A new benchmark from Artificial Analysis reveals alarming weaknesses in the factual reliability of large language models. Out of 40 models tested, only four achieved a positive score - with Google's Gemini 3 Pro clearly in the lead.
Gemini 3 Pro scored 13 points on the new Omniscience Index, which ranges from -100 to 100, substantially ahead of Claude 4.1 Opus (4.8), GPT-5.1, and Grok 4. The high score mainly reflects the model's strong accuracy. Gemini 3 Pro outperformed Grok 4, the previously most accurate model, by 14 points. A score of 0 means a model answers questions correctly and incorrectly at the same rate. The AA-Omniscience Benchmark measures how reliably AI models retrieve factual knowledge across different subject areas.

According to Artificial Analysis, Gemini 3 Pro’s lead is mainly driven by its increased accuracy - 14 points higher than Grok 4, the prior record-holder. The researchers interpret this as evidence of the model's large scale since accuracy in the benchmark strongly correlates with model size.

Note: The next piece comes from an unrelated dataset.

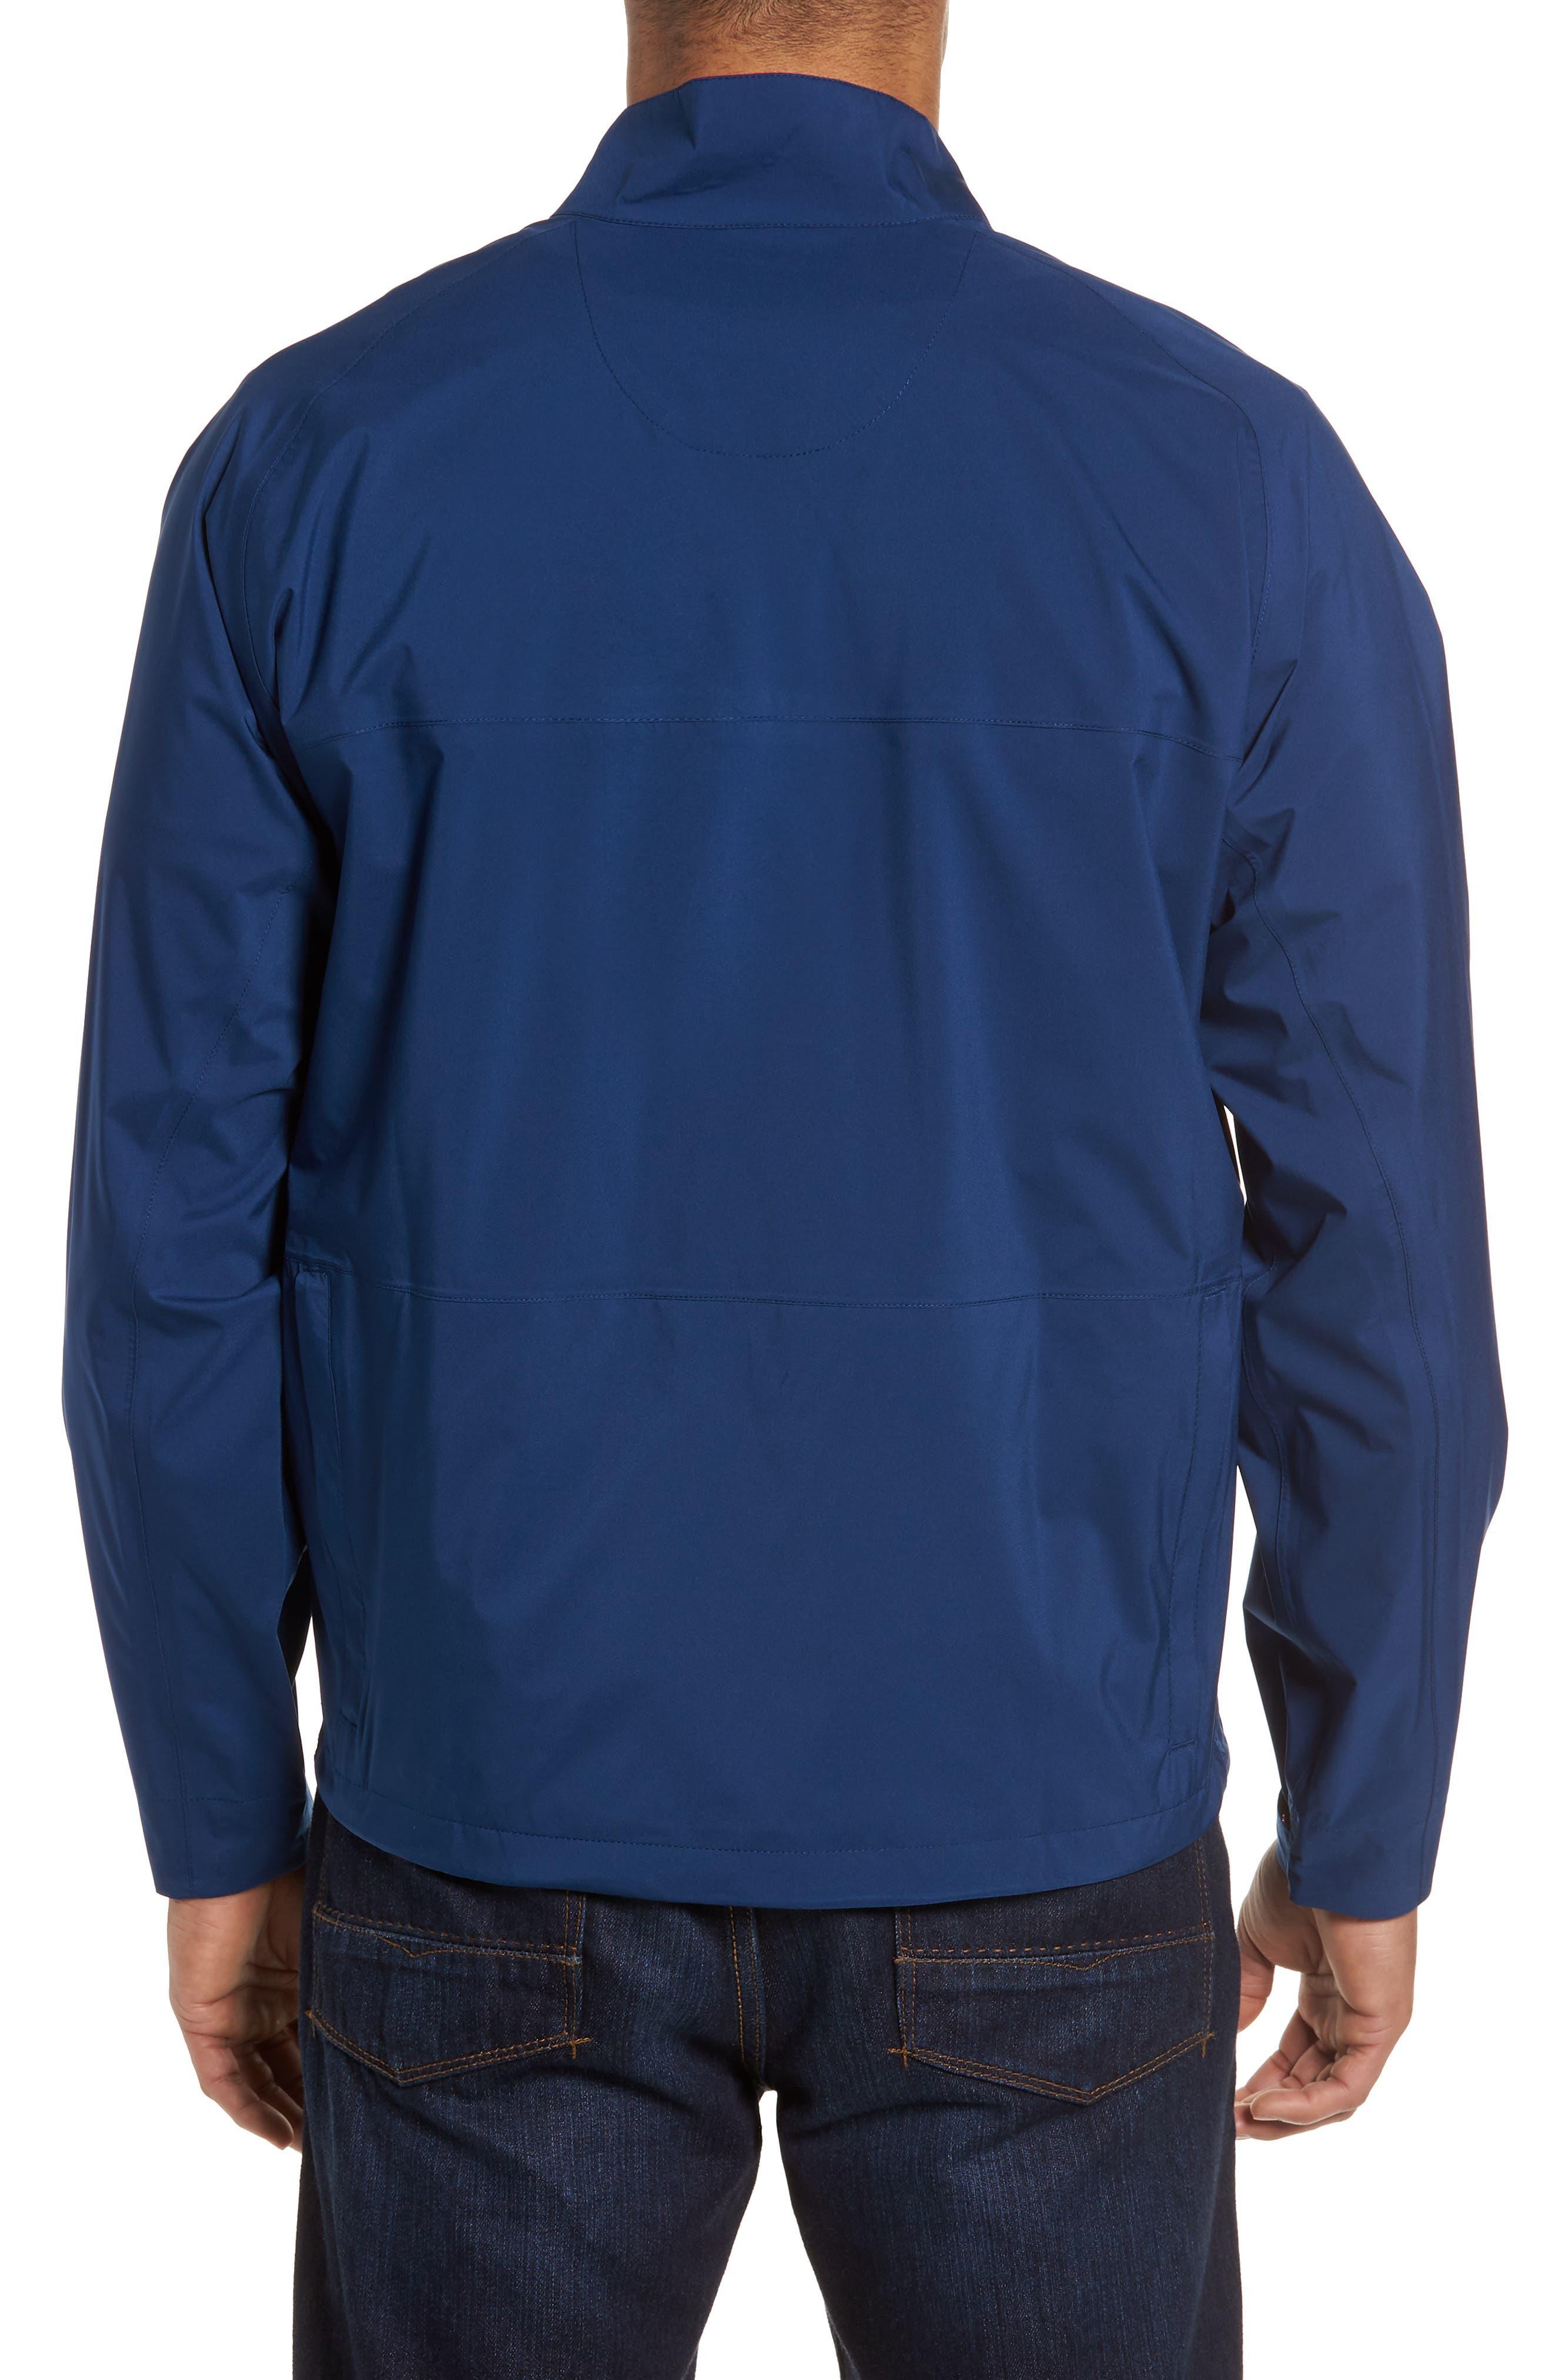 Regular Fit Half Zip Performance Pullover,                             Alternate thumbnail 2, color,                             Navy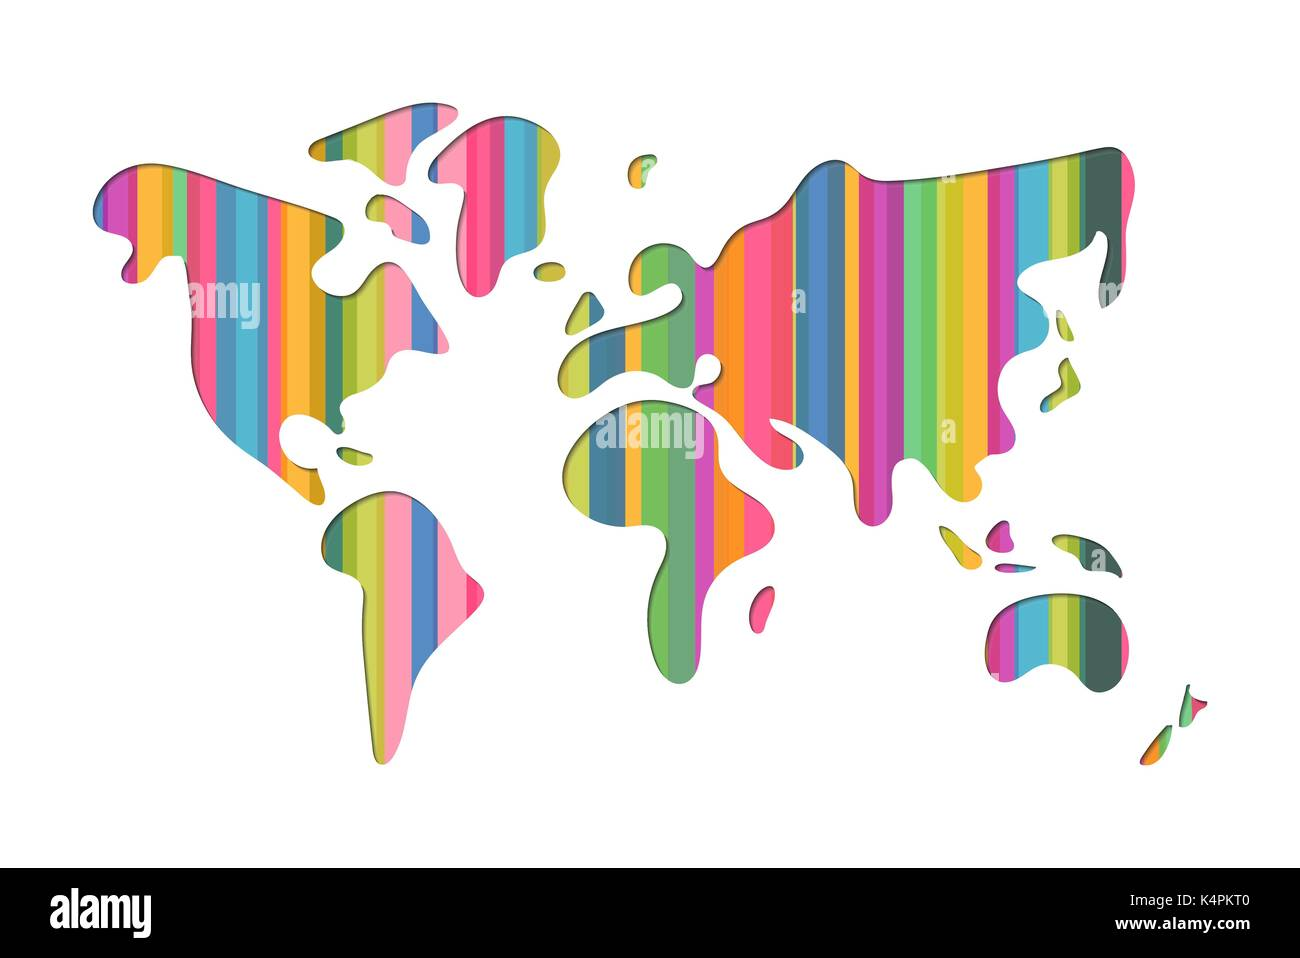 World map shape illustration in modern 3d paper cut art style stock world map shape illustration in modern 3d paper cut art style colorful realistic papercraft cutout design eps10 vector gumiabroncs Gallery

Hallucination rates remain the main weakness
The study found that poor results across the board stem largely from high hallucination rates. Gemini 3 Pro achieved the highest overall accuracy at 53 percent, far ahead of previous leaders like GPT‑5.1 (high) and Grok 4, both at 39 percent. But the model still showed an 88 percent hallucination rate, matching Gemini 2.5 Pro and Gemini 2.5 Flash.
GPT‑5.1 (high) and Grok 4 were also high at 81 and 64 percent respectively, but Gemini 3 Pro went even further. Artificial Analysis concluded that while Gemini 3 Pro demonstrates greater factual coverage, its tendency to give wrong answers rather than admit uncertainty remains unchanged.
Here, hallucination rate refers to the share of false responses among all incorrect attempts - meaning a high value indicates overconfidence, not ignorance.
Claude 4.1 Opus scored 36 percent accuracy with one of the lowest hallucination rates, giving it the top position before Gemini 3 Pro’s release.

The AA-Omniscience benchmark covers 6,000 questions across 42 economically relevant topics in six domains: business, humanities and social sciences, health, law, software engineering, and science and math. The dataset draws from authoritative academic and industrial sources and was automatically generated by an AI agent.

A new scoring system that penalizes guessing
Unlike typical benchmarks, the Omniscience Index penalizes wrong answers as much as it rewards correct ones. The researchers argue that current evaluation methods often encourage guessing, which increases hallucination behavior.
In contrast, the new metric rewards restraint. Models receive no points for admitting uncertainty, but they also aren’t penalized. Wrong answers, however, lead to large deductions.

The results group models into four categories: those with extensive knowledge and high reliability (like Claude 4.1 Opus), those with knowledge but low reliability (like Claude 4.5 Haiku), those with limited knowledge but consistent reliability (like GPT‑5.1), and finally, smaller models lacking both knowledge and reliability, such as OpenAI’s lightweight gpt‑oss.
No domain-specific breakdown was available for Gemini 3 Pro.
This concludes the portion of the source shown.